You use Globalization support to store and retrieve data in native language and format. Oracle supports a wide variety of languages and character sets. Globalization support lets you communicate with end users in their native language using their familiar date formats, number formats and sorting sequence. Oracle uses Unicode (a worldwide encoding standard for computing usage) to support the languages.

You define the database character set when you create the database using the CHARACTER SET clause of the CREATE DATABASE statement. The character set stores table names, column names and so on in the dictionary, stores PL/SQL in memory, etc. If you do not specify the character set Oracle uses the US7ASCII character set. US7ASCII is a 7 bit ASCII character set that uses a single byte to store a character set, and it represent 128 characters.

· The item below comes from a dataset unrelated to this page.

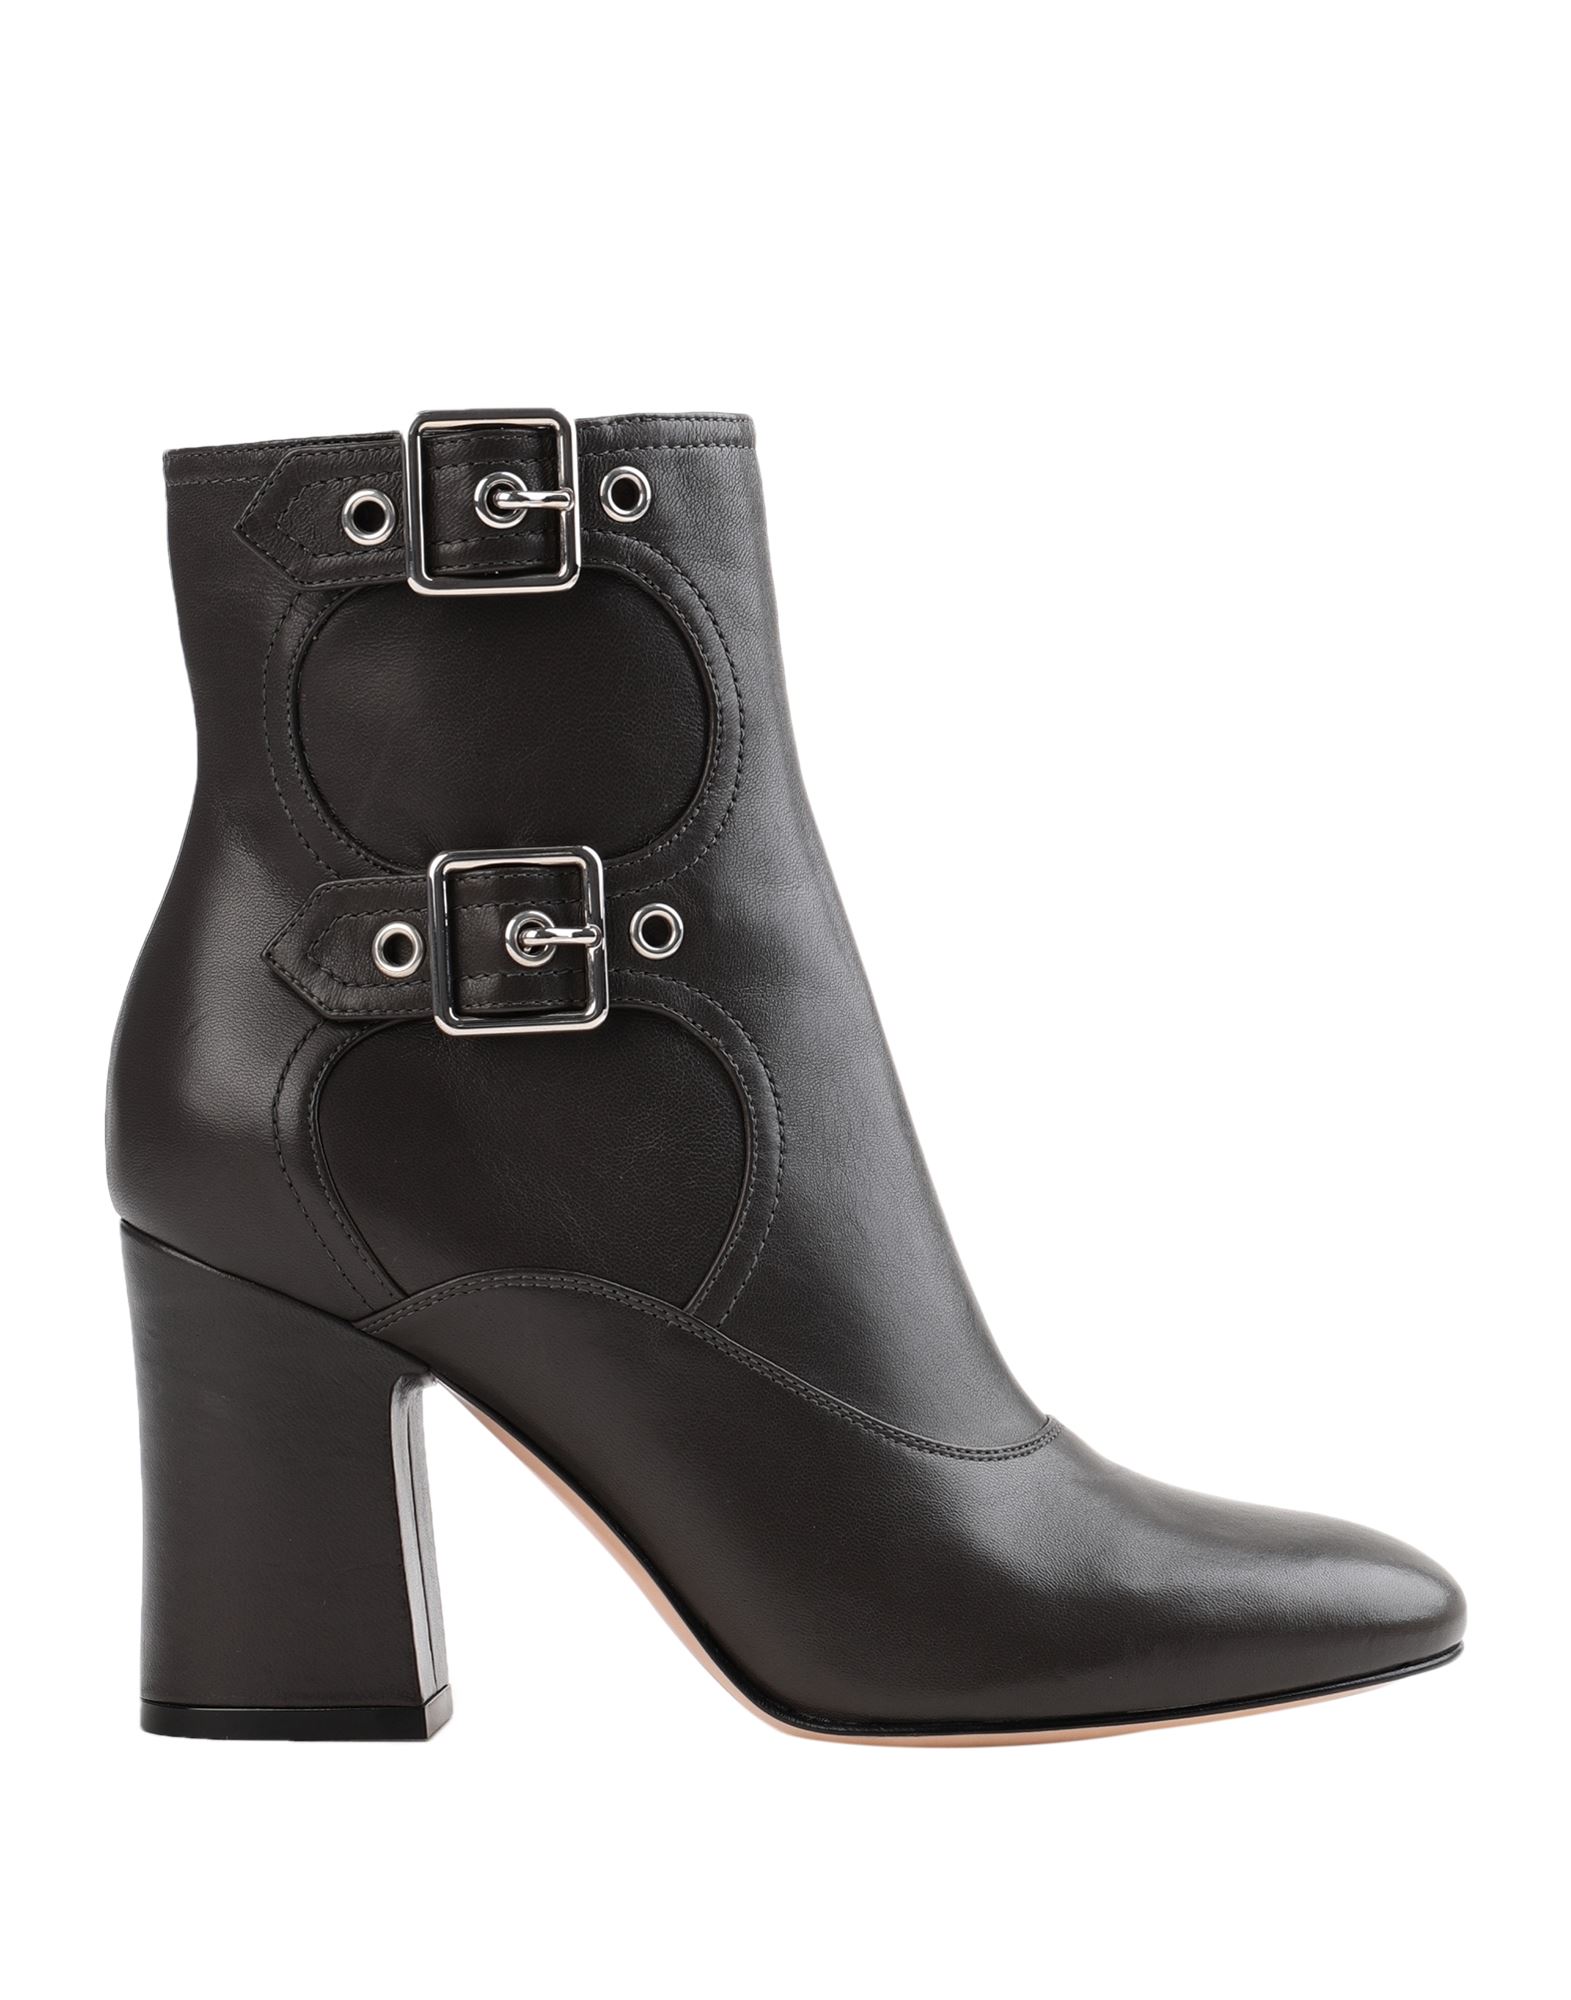 GIANVITO ROSSI Ankle boots - Item 11972441
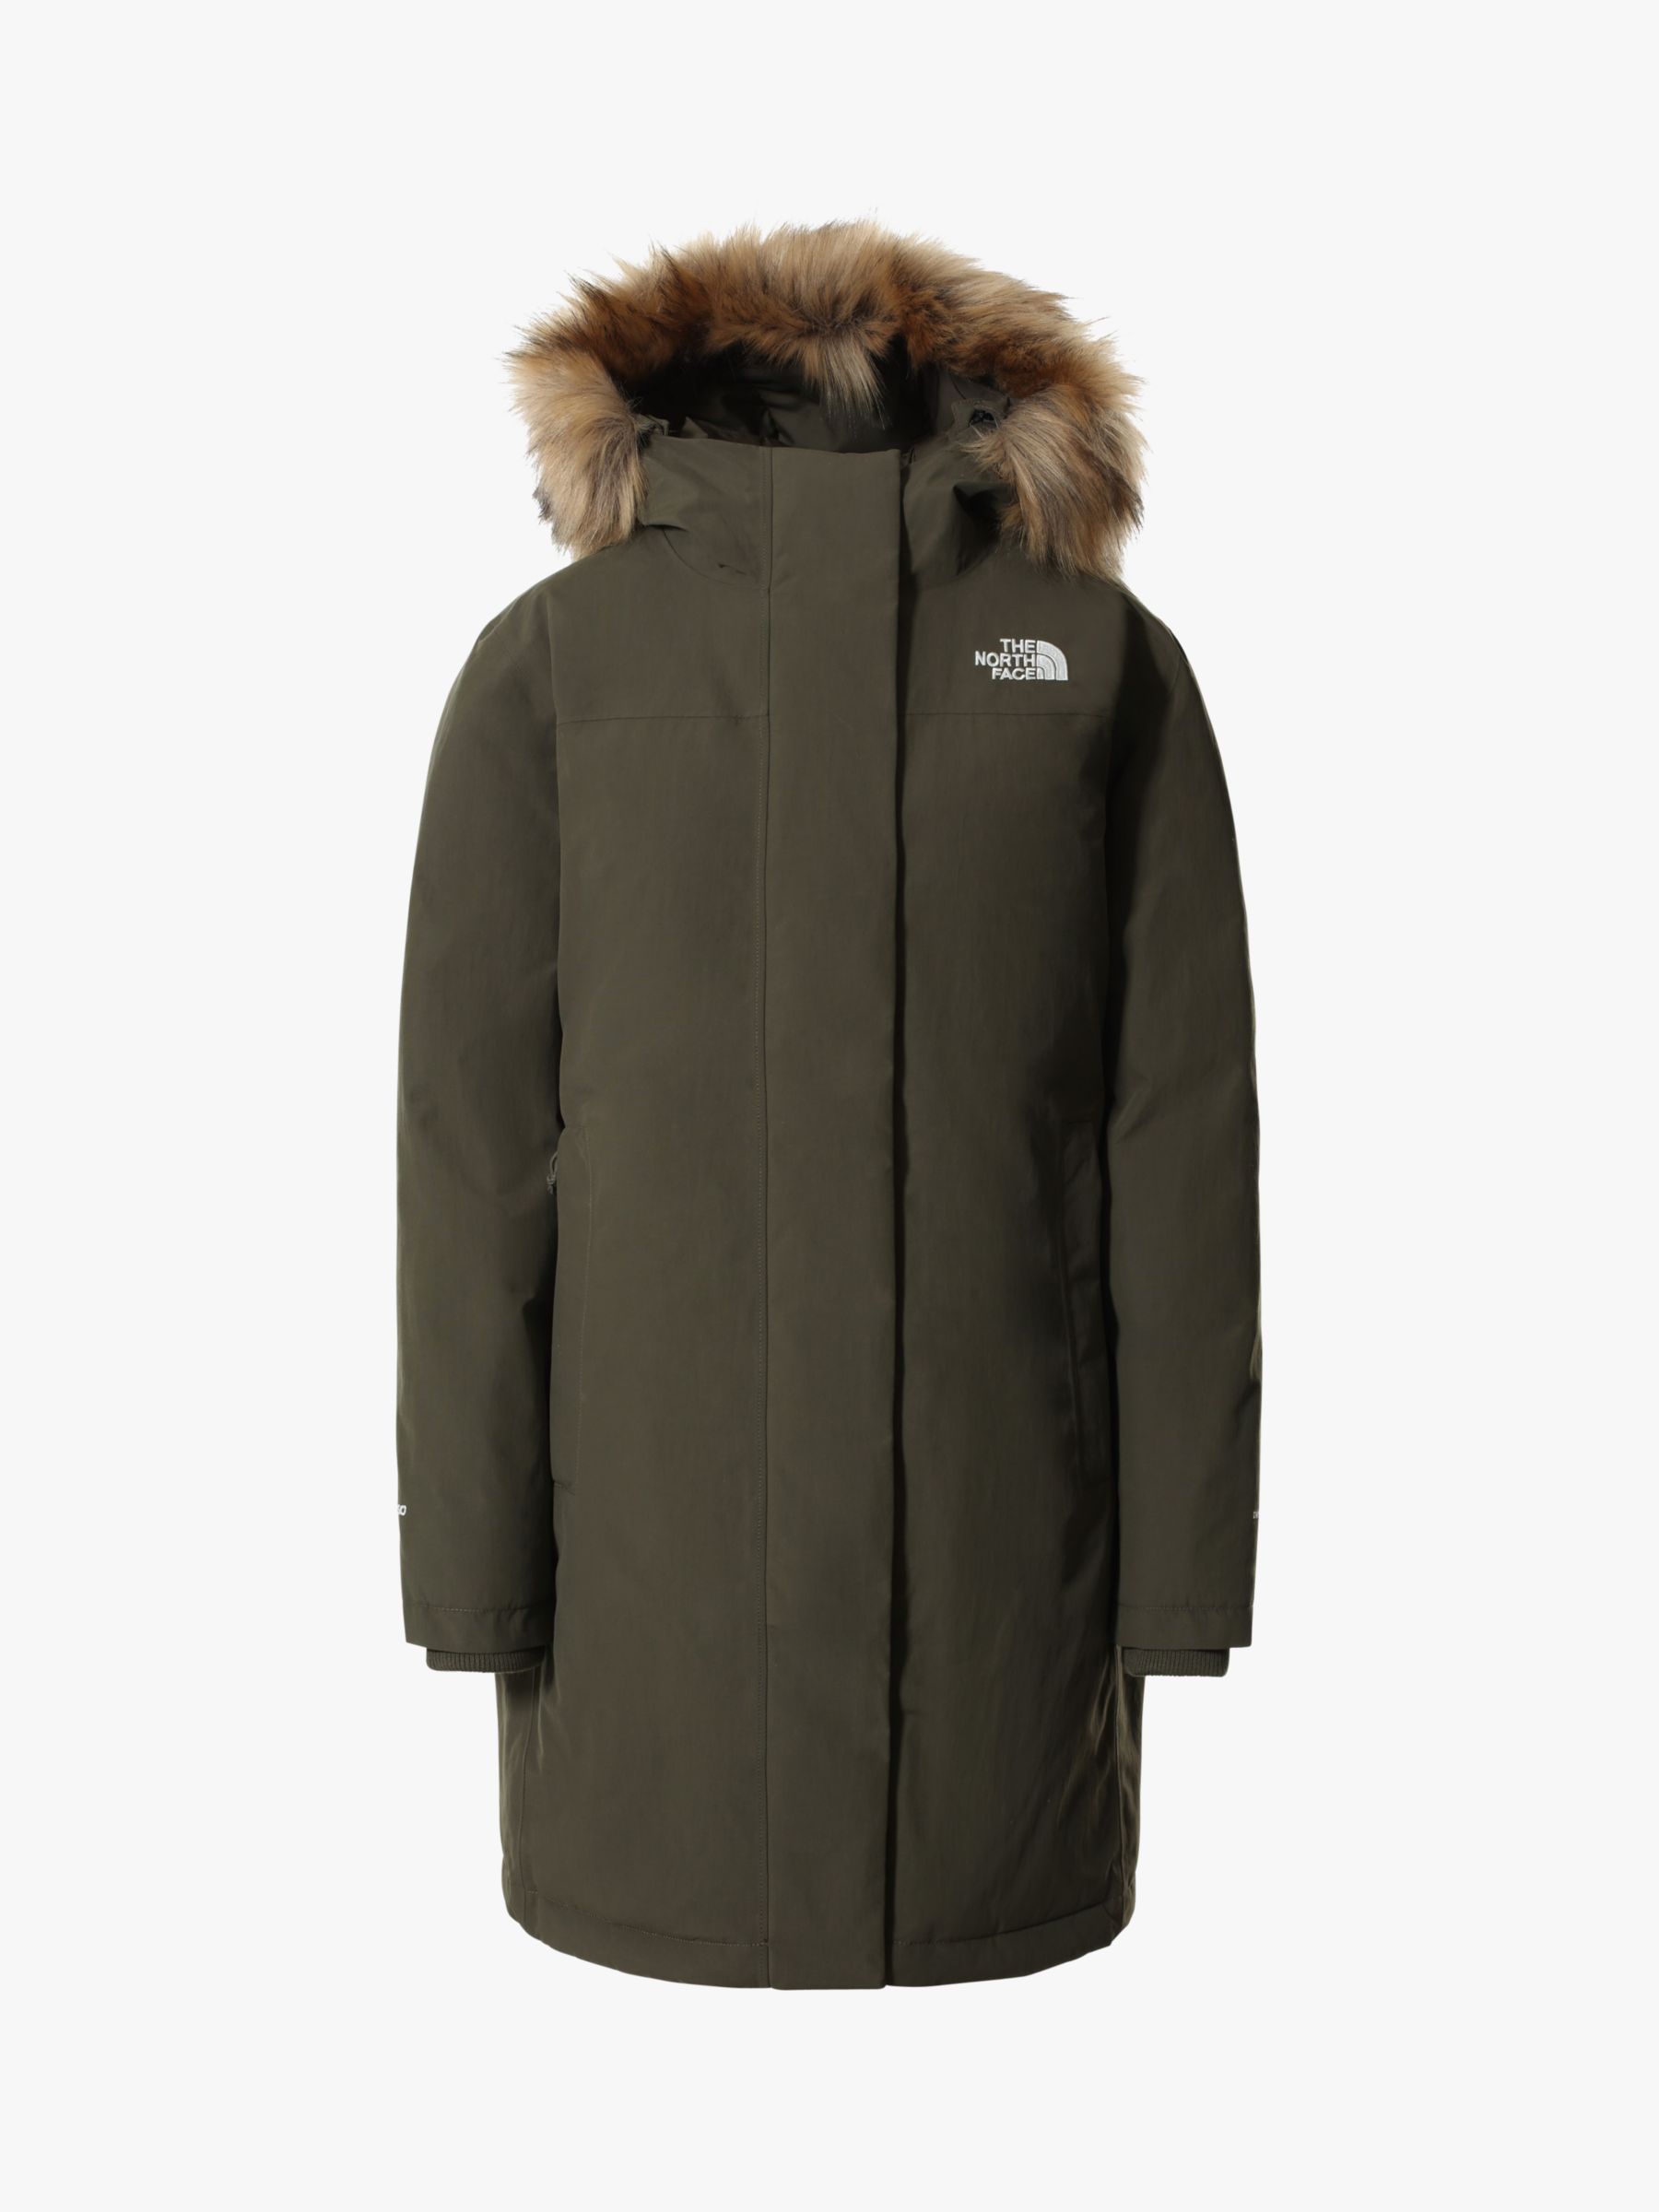 The North Face Arctic Women's Waterproof Parka Jacket

Other widely used single-byte character sets are WE8ISO8859P1 and UTF8. These character sets use 8 bits to represent a character and can represent 256 characters. Oracle also supports multi byte character encoding. Multi byte character encoding is used to represent such languages as Chinese, Japanese, etc. Multi byte encoding schemes can be fixed width encoding schemes or variable width encoding schemes. In a variable width encoding scheme certain characters are represented using 1 byte, and two or more bytes are used to represent other characters.

You can change the database character set only if the new character set is a superset of the current character set.

Oracle lets choose an additional character set that enhances the character processing capabilities. You can specify the second character set when you create the database using the NATIONAL CHARACTER SET clause. If you do not specify NATIONAL CHARACTER SET, Oracle uses the Unicode character set AF16UTF16. The national character set stores data in NCHAR, NVARCHAR2, and NCLOB data type columns.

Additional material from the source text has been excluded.